We are no longer isolated. Who could have imagined a tiny country like Greece could threaten the world’s economy? A similar interdependence holds true for today’s websites.
In the web’s early days, you hosted a site and all its applications on your own infrastructure which you fully controlled. Today’s web businesses are increasingly comprised of several outside sources that your company must depend on 24/7. Typically these outside sources consist of third-party components that are assembled by the browser. They can include functions like content delivery networks (CDN), advertising networks, video, newsfeeds, shopping carts, web analytics or ratings and review systems.
Just one poorly performing service can cause an entire application to slow down. We all remember the Amazon EC2 problems that wreaked havoc with thousands of websites this year. Similar problems have occurred with Microsoft Office 365 and Akamai, leaving many web businesses feeling helpless. If your website was using a service or application delivered by an affected supplier, it likely lost that capability, experienced a performance slowdown, or shut down entirely. Not good if that service was a checkout function directly linked to your revenue.
As most web businesses know, the average website visitor is increasingly impatient, with nearly a third of them abandoning a web page if it takes longer than five seconds to load. While you can optimise the performance of the application components you deliver, do you have a guarantee that five, 10 or more outside web services will do the same?
So how do you deal with the dark side of third-party content and services and take back control? Here at Compuware we have found that the best-performing companies follow these three core guidelines:
1. Choose third-party components wisely, within your set business goals
You have a vast and varied choice of outside services, so it’s easy to load up on many that don’t address your business objectives. Determine why a service is necessary and ask:
▪ How much revenue is it generating?
▪ How often does my audience use it?
▪ Does it offer a service level agreement (SLA) guaranteeing performance?
▪ Is the speed-to-market benefit greater than the downside risks?
2. Create a mitigation strategy
Outsourcing portions of your web business heightens the need for a backup plan. Start by benchmarking the response time and availability of the service prior to signing the contract. Test it prior to launch. With your proof of concept secured, devise a fast-fail program so if the service does crash, it doesn’t take down the entire page or site. For critical features like shopping carts, also consider redundant services.

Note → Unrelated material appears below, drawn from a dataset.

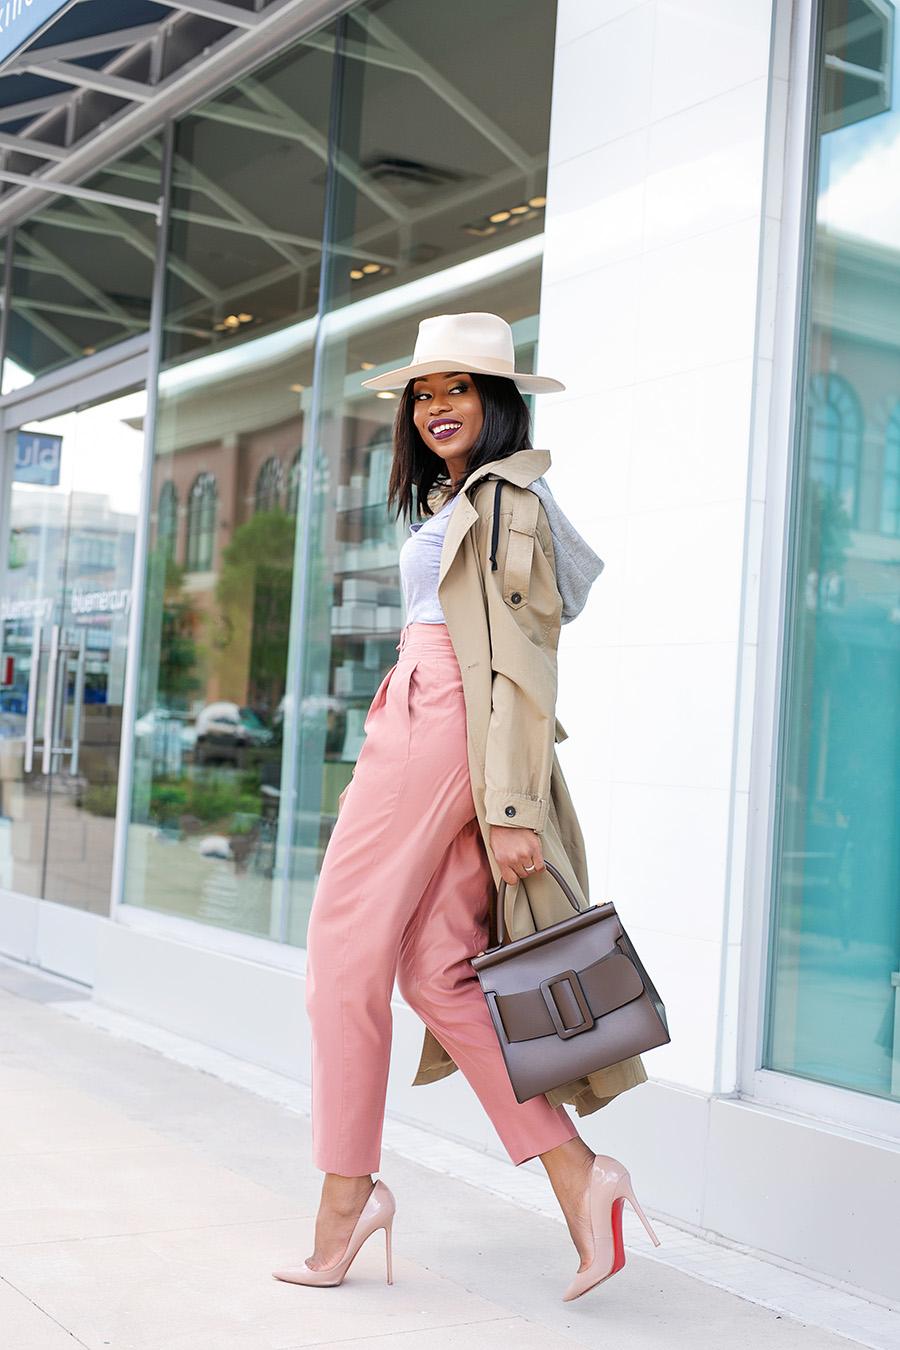 stella-adewunmi-of-jadore-fashion-shares-zara-trench-coat-wool-hat-for-fall
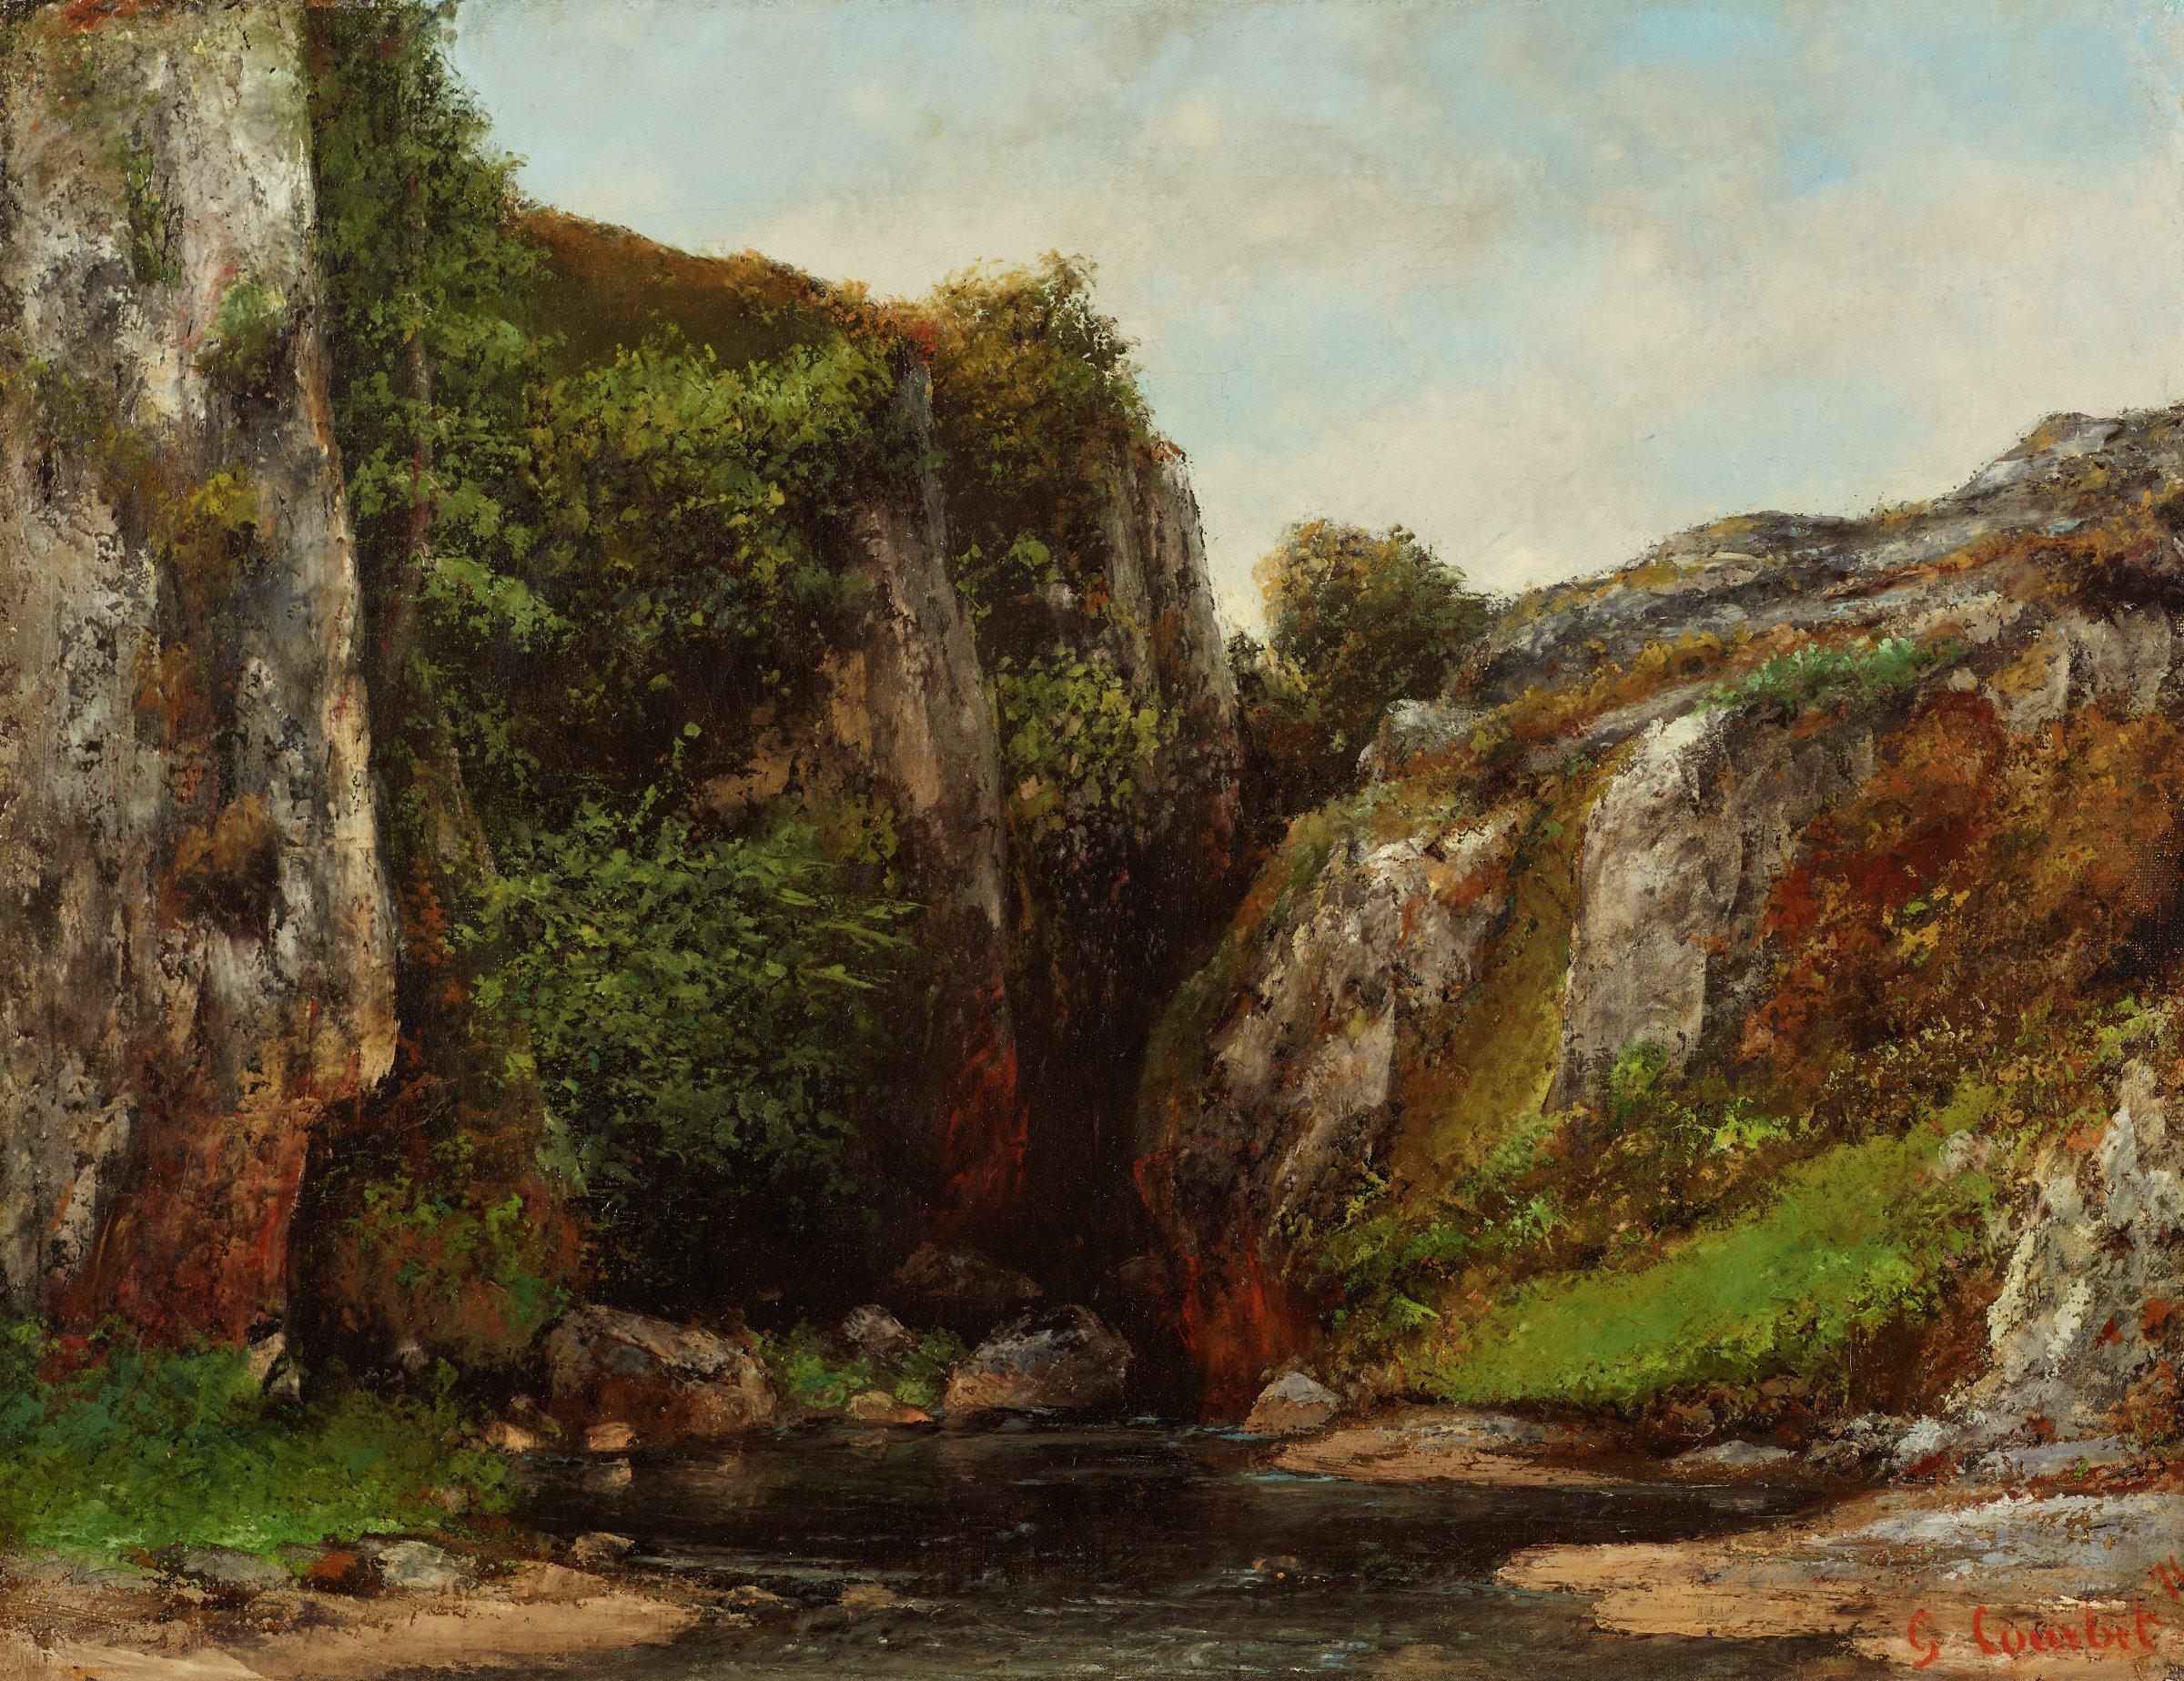 Entrée d'un gave (Source of a Mountain Stream), Gustave Courbet, oil on canvas

3. Measure outside services from the end-user’s perspective under all conditions
Convinced that the system is solid at the core, you’re still not home free. Now you must test and monitor it from the most important perspective: your customer’s. This means ensuring users in all relevant geographies have a web experience on par with your site’s performance standards. Testing for peak load periods is also part of this process. Measuring performance from the end-user’s perspective is the only way to know if your customers are having problems.
The interdependency of the web will only accelerate as companies leverage more third-party services to connect with their customers. Making use of these services helps even the smallest web and mobile sites create a unique offering. Being aware of the risks and planning for them, will help you capture the upside and minimise the downside.